The urothelium has an important osmotic barrier function: it protects the submucosa from environmental harm, mainly the toxic components of the urine. In our studies minor morphological and proliferation differences were observed between static and dynamic cultures, albeit that small cracks were present in the dynamic cultured urothelium. The small distortions that we observed in the UC layer are most likely due to the strain exerted on the collagen. Apparently SMC can accommodate this strain better than the UC. The absence of an adjacent lamina propria and/or fibroblasts in our in vitro model may indeed explain our observations. In the urinary bladder the UC are anchored on this superficial layer which contains both type IV collagen and elastin. Construction of collagen scaffolds in which UC and SMC are intimately connected will require a longer culture period. Alternatively, myofibroblasts could be used or dynamic culturing of SMC followed by a static culture of UC.

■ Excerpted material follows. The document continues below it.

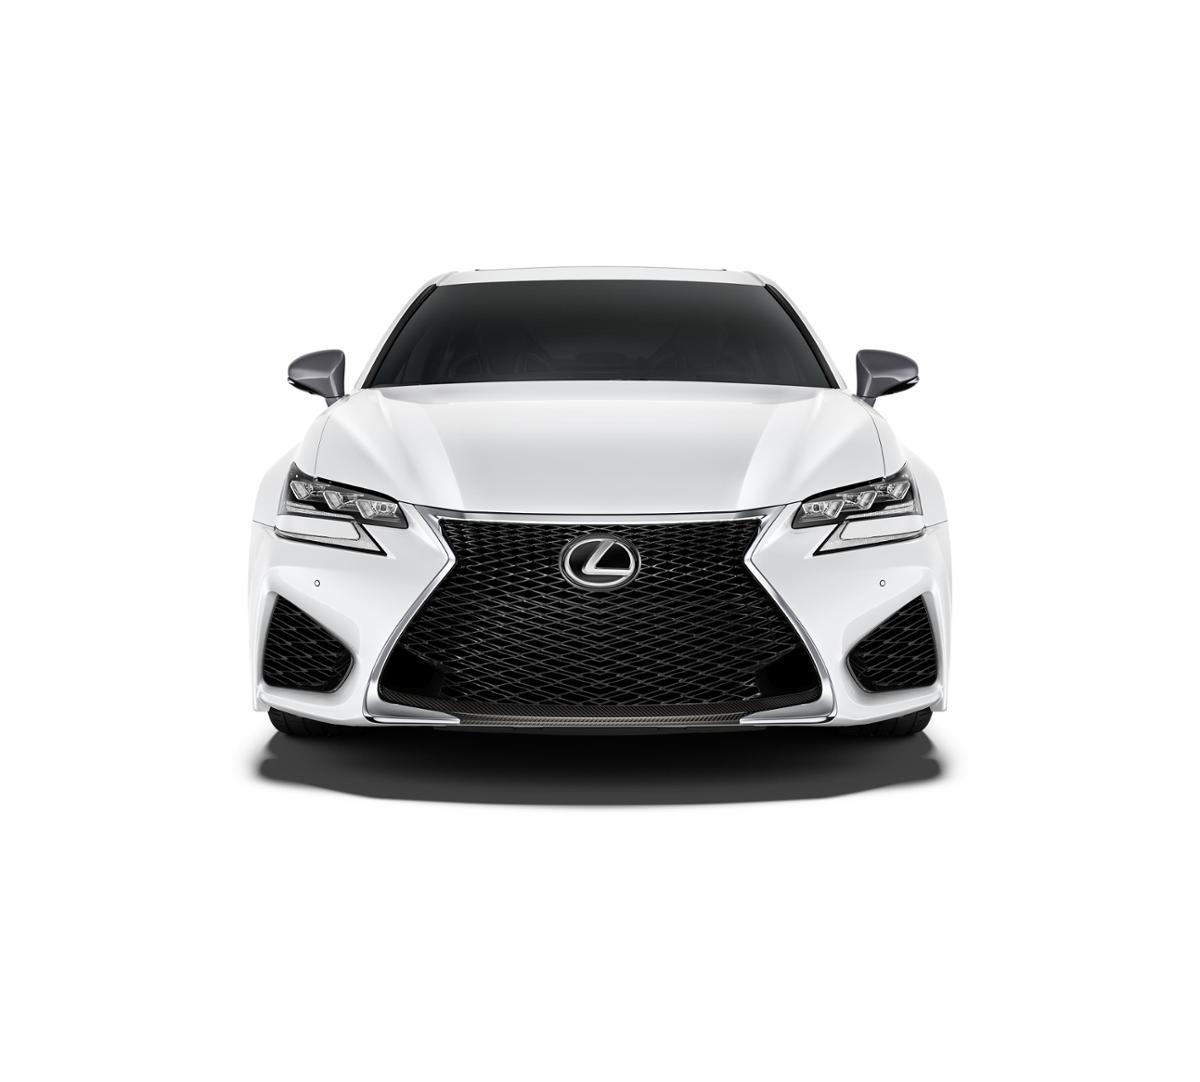 Lexus Gs Lease: New Ultra White 2019 Lexus GS F In Clearwater, FL

Augmentation cystoplasty with gastrointestinal tissue is a relatively safe and effective way to restore bladder capacity. However, this treatment can be associated with several complications including infections, stone formation, metabolic abnormalities and carcinogenesis. Tissue engineering may provide an alternative approach, but current methods have shown substantial side effects and suboptimal results. This may be related to the lack of mechanical stimulation during preparation, which can lead to fibrosis and poor compliance [13, 24]. The bladder is continuously filled and emptied, resulting in continuous loading of the tissue. By mimicking these dynamics during preparation of tissue engineered constructs a better outcome may be achieved. In addition, scaffold survival is heavily dependent on the formation of a new vascular bed. This is especially important when considering that large constructs are needed for relevant augmentation. To solve this, multiple smaller scaffolds instead of one large scaffold may be used (Roelofs et al., submitted). Thus, implantation of multiple conditioned scaffolds may be an attractive alternative for bladder augmentation using gastro-intestinal tissue; an assumption that needs to be tested in patients.

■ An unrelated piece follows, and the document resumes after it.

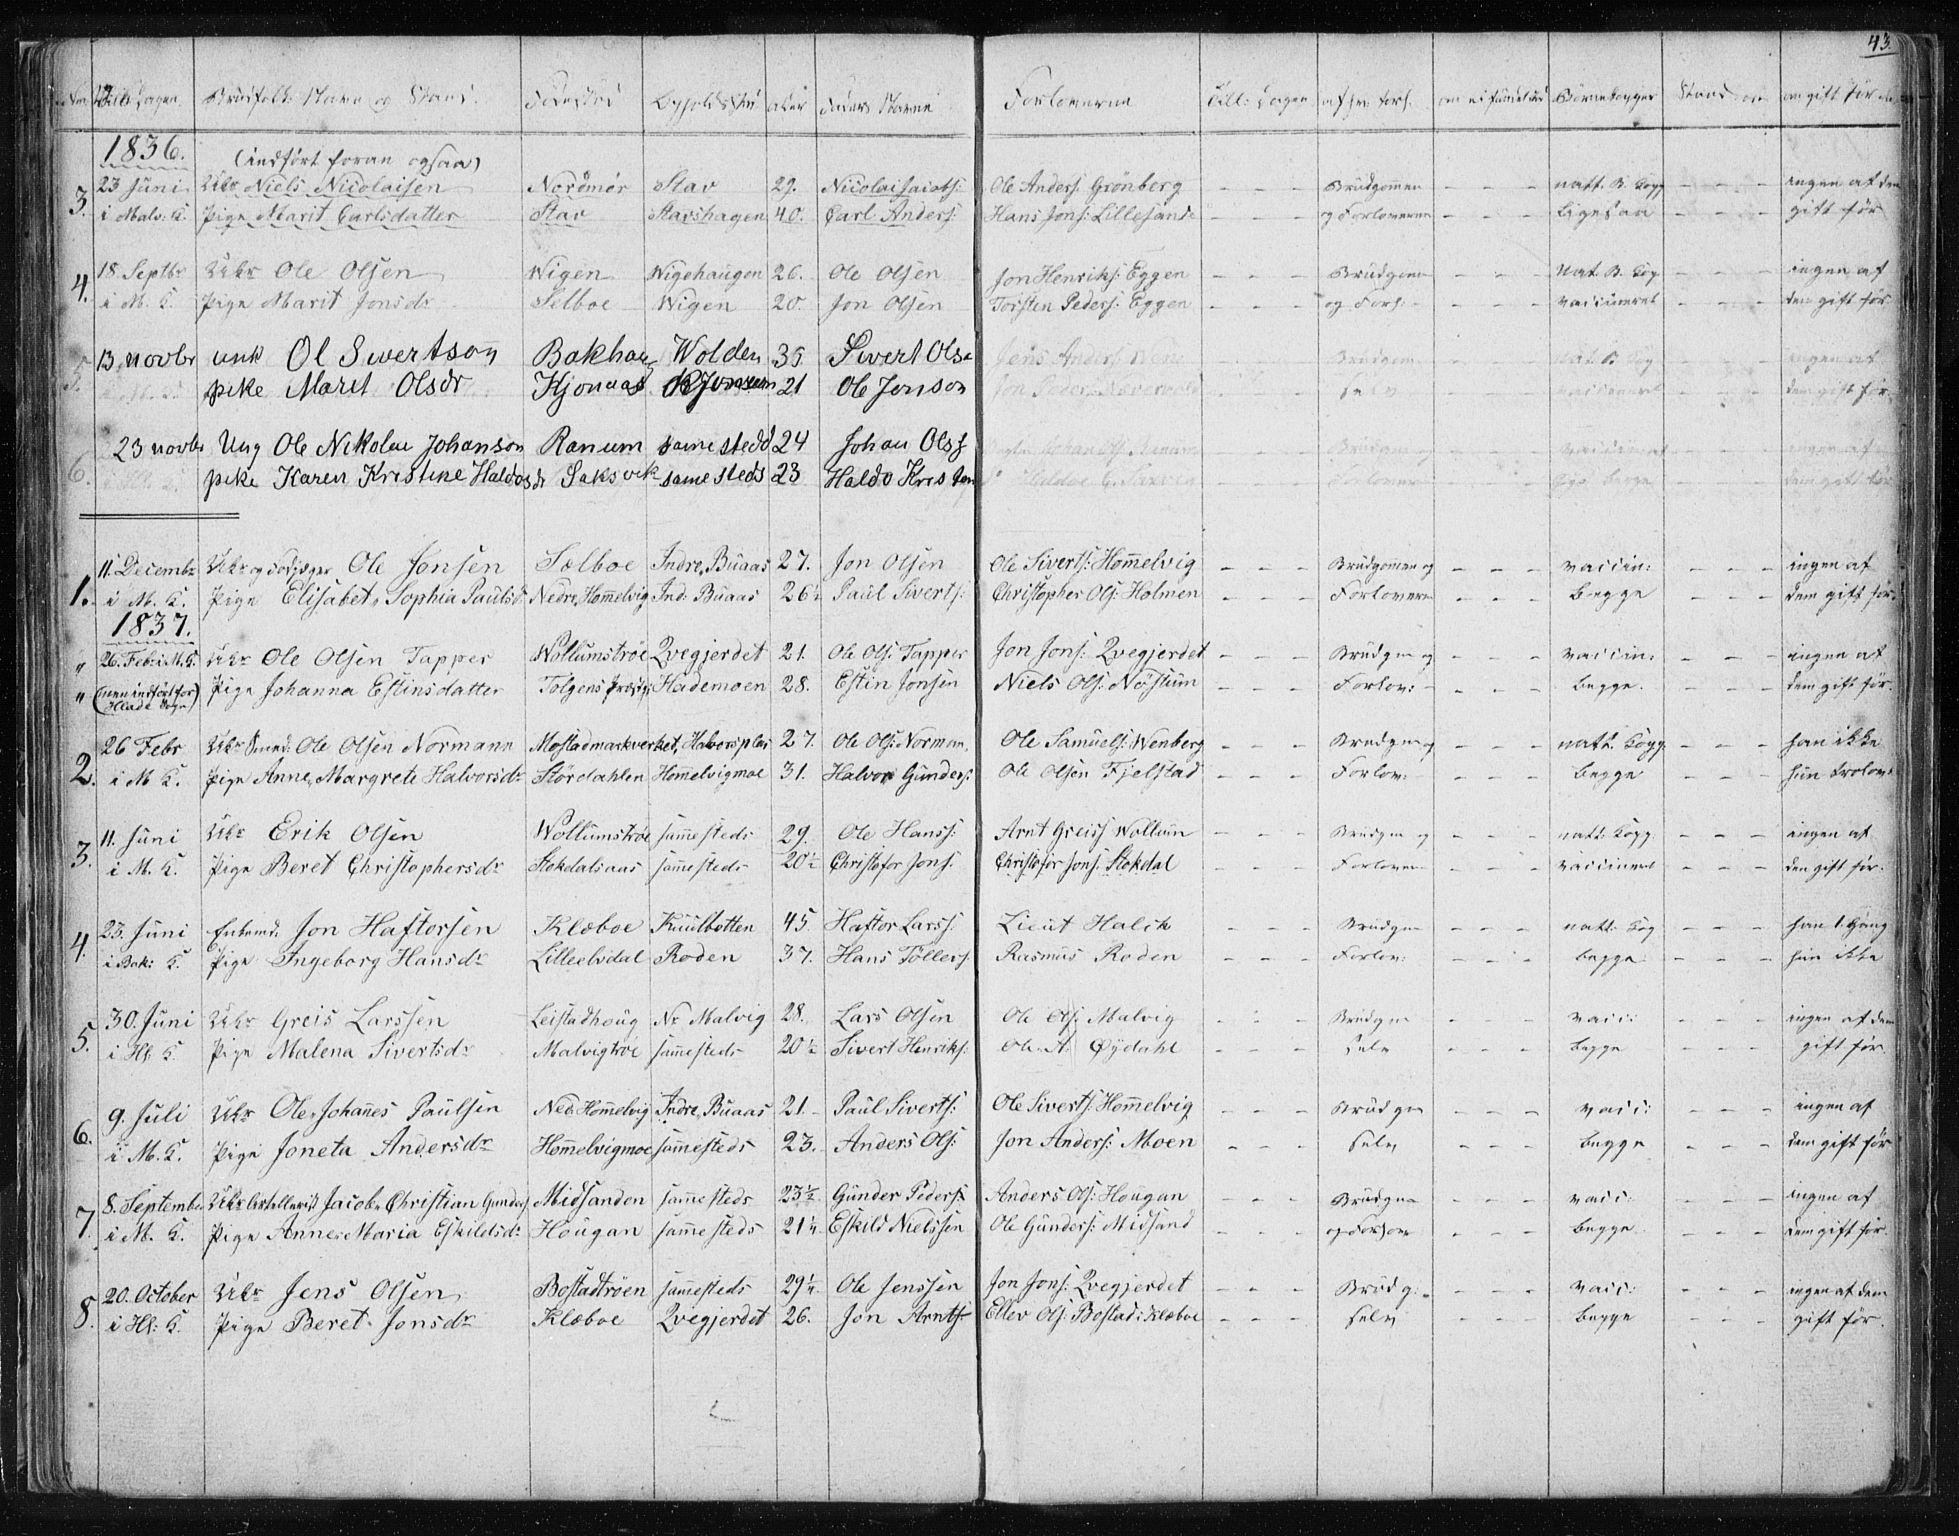 SAT, Ministerialprotokoller, klokkerbøker og fødselsregistre - Sør-Trøndelag, 616/L0405: Ministerialbok nr. 616A02, 1831-1842, s. 43

A potential drawback of the current study is that we only examined the effects of linear stretching on the cells while bladder filling causes a multi-directional strain. Whether multidirectional conditioning leads to a different outcome is unclear and bioreactor experiments along these lines may be of use. Moreover, a more physiological filling and contraction profile may be needed to create an optimally conditioned template. Finally, healthy bladder cells may not be available, and a different cell source may be required. Recently, stem cells derived from urine or adipose tissue have been successfully differentiated to functional smooth muscle cells for bladder tissue engineering applications. In addition, these stem cells can be harvested from the patient relatively easy, providing an autologous cell source [25, 26].

In summary, our results show that conditioning of collagen-based scaffolds by mechanical stimulation leads to more SMC with a more differentiated phenotype which may bypass difficulties related to poor SMC in-growth and muscle development in tissue engineered bladders. This brings us closer to our goal to engineer flexible tissues such as urinary bladder as an alternative to current graft tissues.